Nostalgia was on display in the number of revivals on Broadway, and shows that have evolved from the screen – such as Frozen, Mean Girls and Spongebob Squarepants, which were shut out from almost all the musical awards in favour of The Band’s Visit. Carousel, the revival of the Rodgers & Hammerstein classic, mostly lost out, but won the Tony for best featured actress in a musical, via the favourite for the prize, Lindsay Mendez.

In her speech she said she had been told to change “Mendez” to a non-Latin name such as Matthews when she sought the big time in New York – and was proud that she had refused. .

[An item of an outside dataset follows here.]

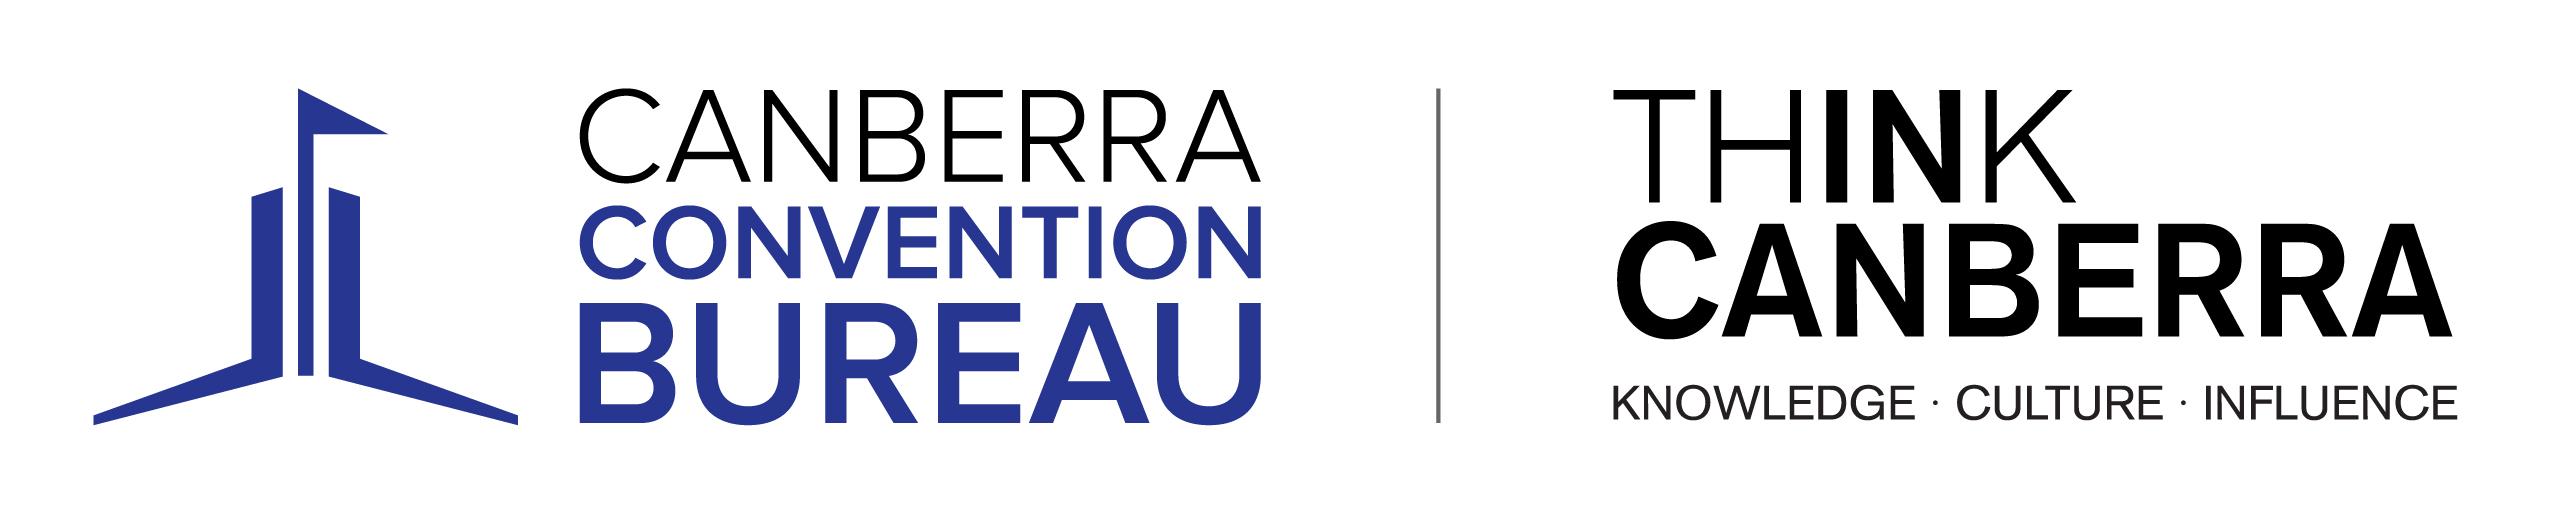 Canberra Convention Bureau

And nostalgia was also very much alive in some of the biggest cheers of the night, which went to musical legend Bruce Springsteen, whose performance was introduced by Billy Joel.

The special 2018 excellence in theatre education award was given to Melody Herzfeld, the drama teacher at the Marjory Stoneman Douglas high school in Florida, where 17 were killed in a mass shooting in February. Herzfeld shielded 65 students in her small office for two hours while the gunman rampaged.

Many surviving students have since started a grassroots youth movement against gun violence and for greater control of guns in America. A group of her students sang a song about love from the musical Rent at the Tonys, which brought tears to the eyes of some audience members, such as comedian Amy Schumer.

In two surprises of the night, Once on this Island, based on a Trinidadian novel, won best revival of a musical, over huge names such as Carousel and My Fair Lady; and Laurie Metcalf won the prize for best featured actress in a play – a rare double, after winning the best lead actress last year. She won for her role in Three Tall Women.